Here we process the image into b64 encoding. The result will be used as the image component of the message given to Claude 3. For further details on processing of the images for use in an API call please see [Claude Vision](https://docs.anthropic.com/claude/docs/vision)

In [None]:
# Read reference image from file and encode as base64 strings.
with open('./images/calendar_screenshot.png', "rb") as image_file:
    content_image = base64.b64encode(image_file.read()).decode('utf8')

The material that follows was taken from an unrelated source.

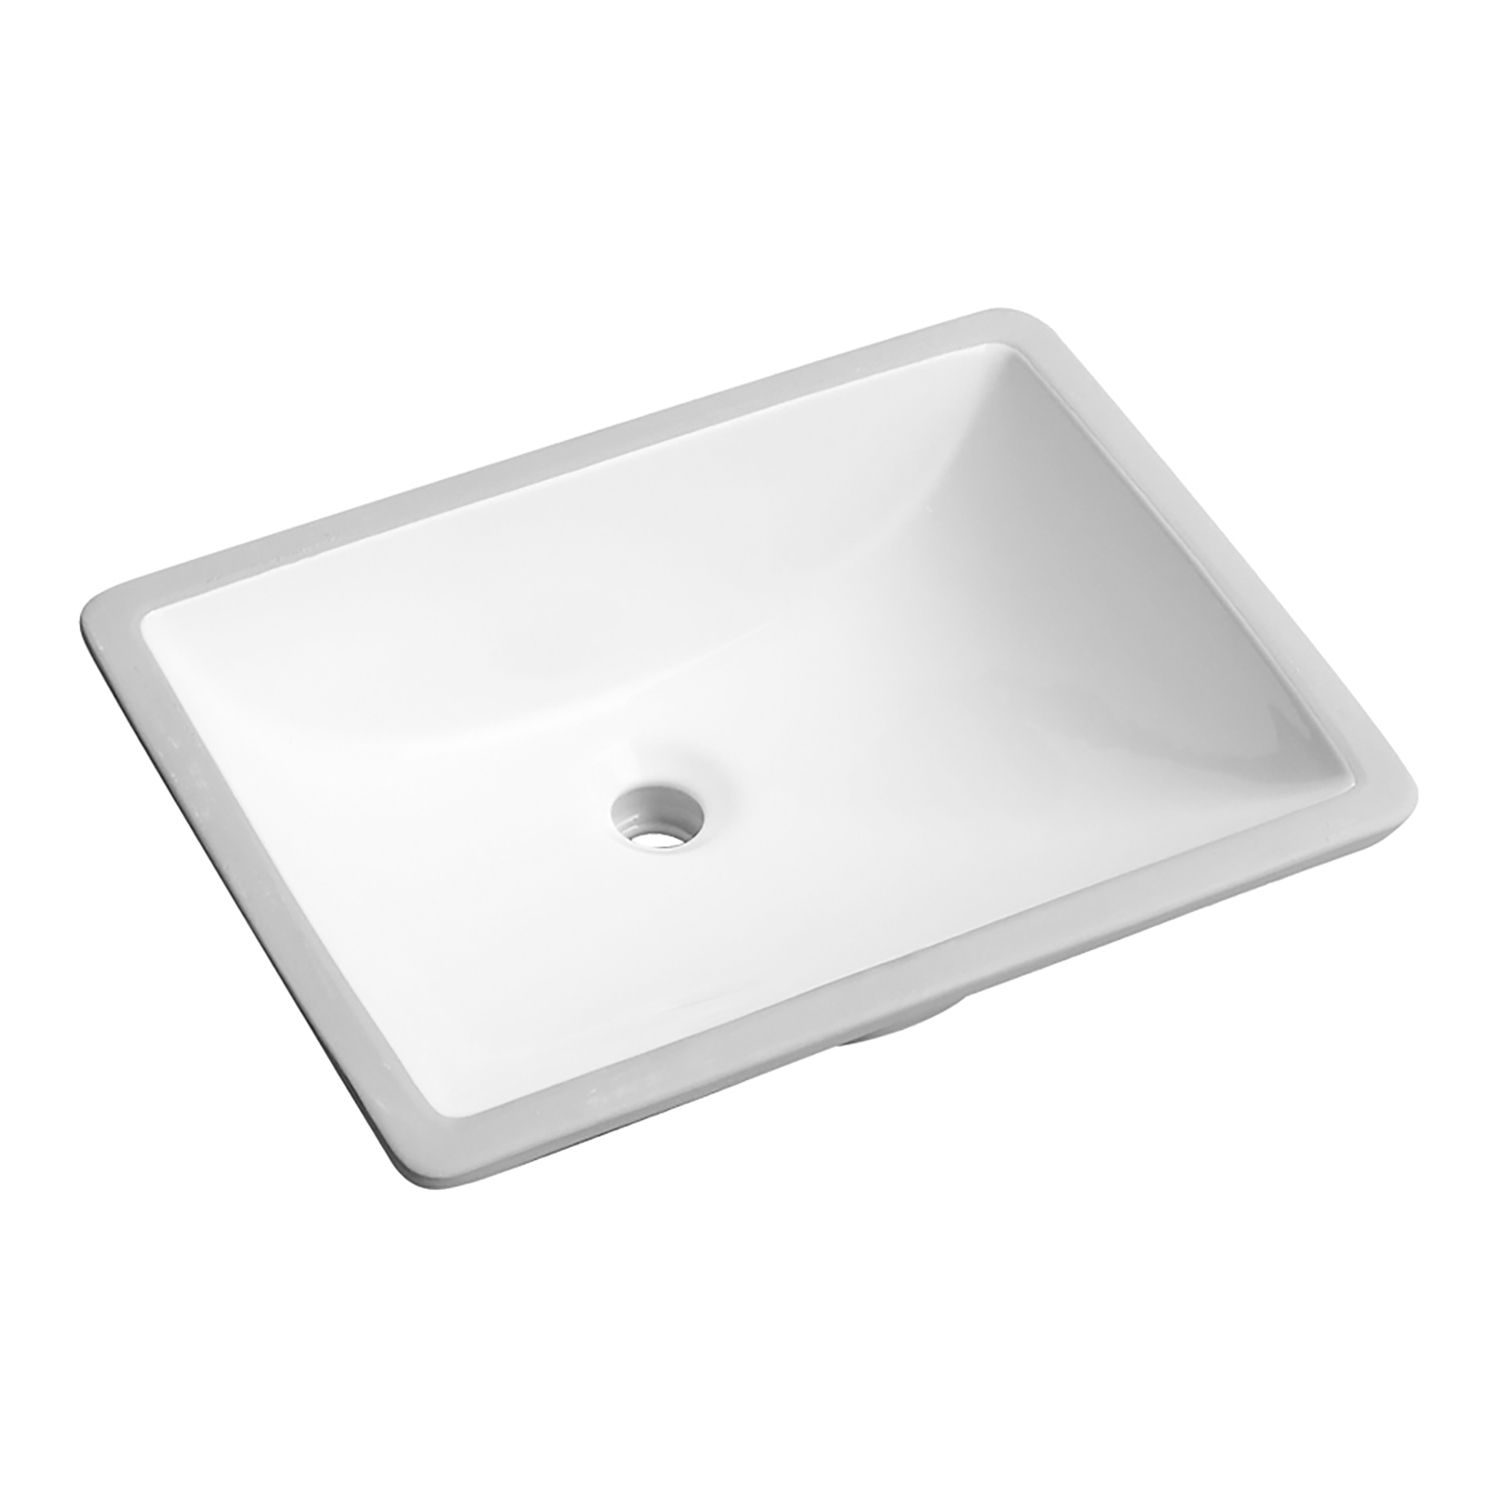 Duko C2020 20" x 15" White Square Ceramic Undermount Bathroom Vanity Vessel Sink

### Create message payload that incorporates text and image input

Here we create the multimodal content message for our input to Claude 3 with seperate JSON objects for the text component and the image component.

In [None]:
prompt = """
Extract the following information from the image in JSON format. Use the provided field names and include the field descriptions as specified:

- "title": The title of the session.
- "time": The time of the event in EDT.
- "duration": The duration of the session in minutes.
- "speakers": A list of objects, each containing:
  - "name": The name of the person.
  - "title": The title or position of the person.
  - "organization": The organization the person is associated with.
  - "role": The role the person has for the session - Example: speaker, moderator, panelist 

Ensure that events without speakers are not included in the output (example - Lunch).
"""

In [None]:
message_mm=[

    { "role": "user",
      "content": [
      {"type": "image","source": { "type": "base64","media_type":"image/jpeg","data": content_image}},
      {"type": "text","text":prompt}
      ]
    }
]


### Generate the response from Claude 3

Finally, we can see the multimodal capabilities in action, asking Claude 3 about what is in the image. The model identifier we are using for this example is __"anthropic.claude-3-sonnet-20240229-v1:0"__.

In [None]:
response = generate_message(bedrock_client, model_id = "anthropic.claude-3-sonnet-20240229-v1:0",messages=message_mm,max_tokens=1024,temp=0.5,top_p=0.9)
response

In [None]:
print(response['content'][0]['text'])

## Next Steps

Now that we have seen how to incorporate multi-modal capabilities of Claude 3-Sonnet on Amazon Bedrock, try asking a different question about the image.